Located in the Redis DB instance #1 running inside the "database" container. Holds serialized SAI objects.
Reads SAI DB data (SAI objects) and performs appropriate calls to Switch SAI.
An unified API which represent the switch state as a set of objects. In SONiC represented in two implementations - SAI DB frontend and ASIC SDK wrapper.

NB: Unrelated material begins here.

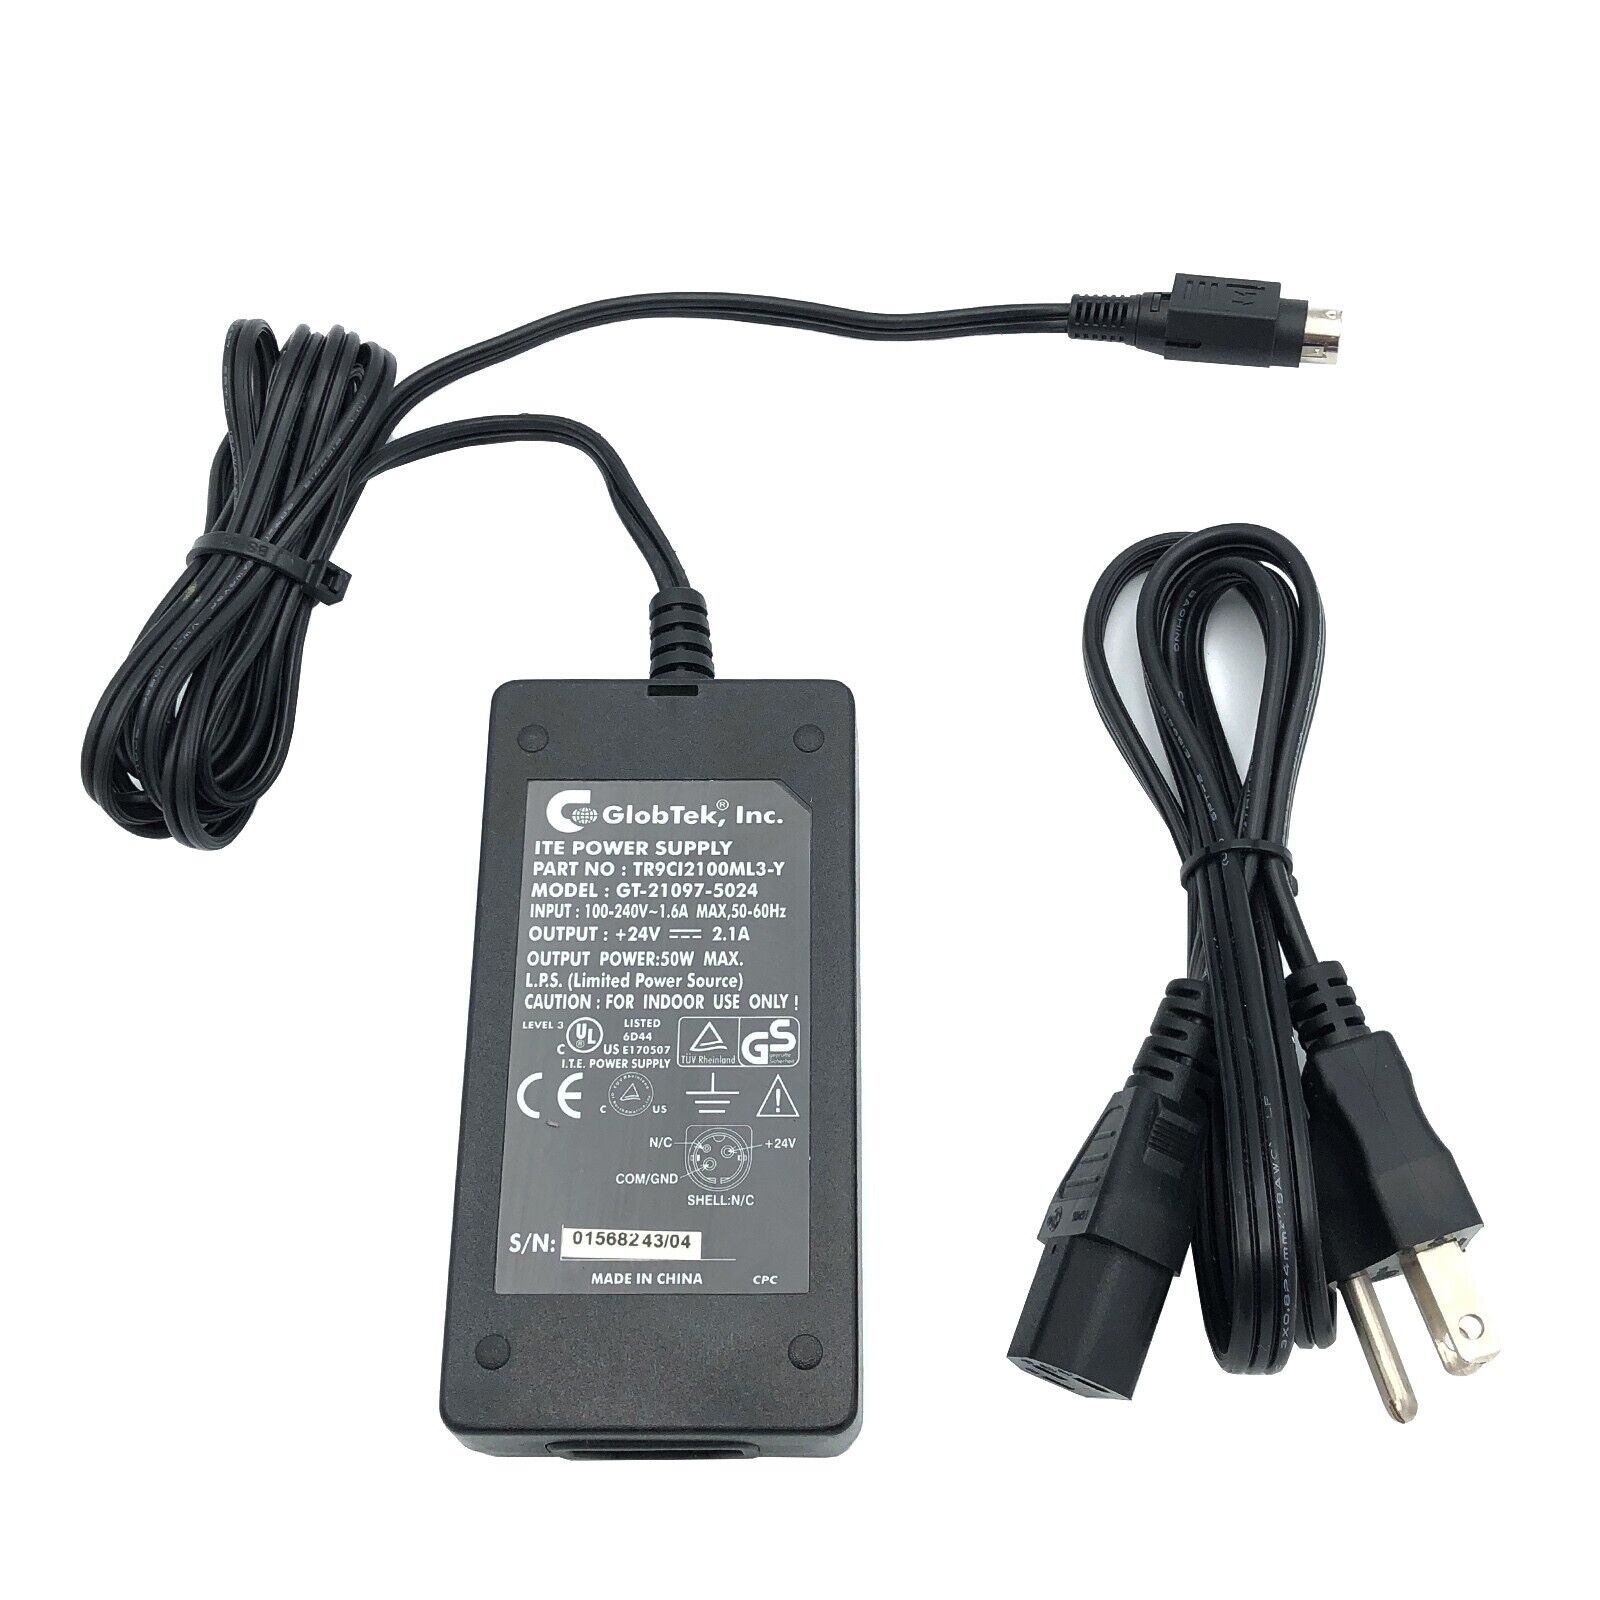 Genuine GlobTek GT-21097-5024 AC Power Supply Adapter 3 Pin TR9C12100ML3-Y w/PC Compatible Brand Universal Connection S

The feature sets is classified into Must Have (M) and Should Have (S). The Must Have features are features we are enabled in our test and production networks. They must be supported by the next release. The Should Have features are the features are not partially configured in our test networks, and are going to be enabled in production. The features should be either already in the current image or is in their production plan. On phase #1 only marked with Must Have requirements will be implemented.
- Configure session source IP (M)
- Configure session destination IP (M)
- Configure session GRE protocol type (M)
- Configure session DSCP (M)
- Configure session TTL (M)
- Apply ACL to the ERSPAN session to do selective RX mirroring (M)
- Select output queue for all mirrored traffic (M)
- Policer applied to all mirroing traffic (S)
- Bind CPU ports to the ERSPAN session as TX port (S)
- Bind all front-panel ports to the ERSPAN session as TX port (S)
- Each ERSPAN can be configured independently for the destination IP, binding ports, acl, gre protocol type, dscp, ttl.
- Match IPv4 source (M)
- Match IPv4 destination (M)
- Match IP protocol (M)
- Match TCP/UDP source/destination port (M)
- Match TCP flags (M)
- Match IP DSCP value (M)
- Match User Defined Field (UDF). An ACL rule must support UDF matching and the above fixed fields matching at the same time. (S)
- Packet counter for each mirror ACL entry (M)
- Define UDF based offset-base, offset, and length. Offset-base defines the packet header to consider for the offset. It can be packet start, l3, l4 inner or outer header. The offset is the bytes offset from the offset based. The length is the length of the UDF field. (S)
- The total UDF fields available on the system should be 16+ bytes. We expect to use those UDF fields to cover TCP flags/source port/destination port for IP-in-IP packet, IP protocol field for the inner IP header of an IP-in-IP packet, IPID field for the outer IP header, destination/source IP address for the inner IP header of an IP-in-IP packet
- This is a special packet mirroring session which mirrors the dropped packet in the pipeline.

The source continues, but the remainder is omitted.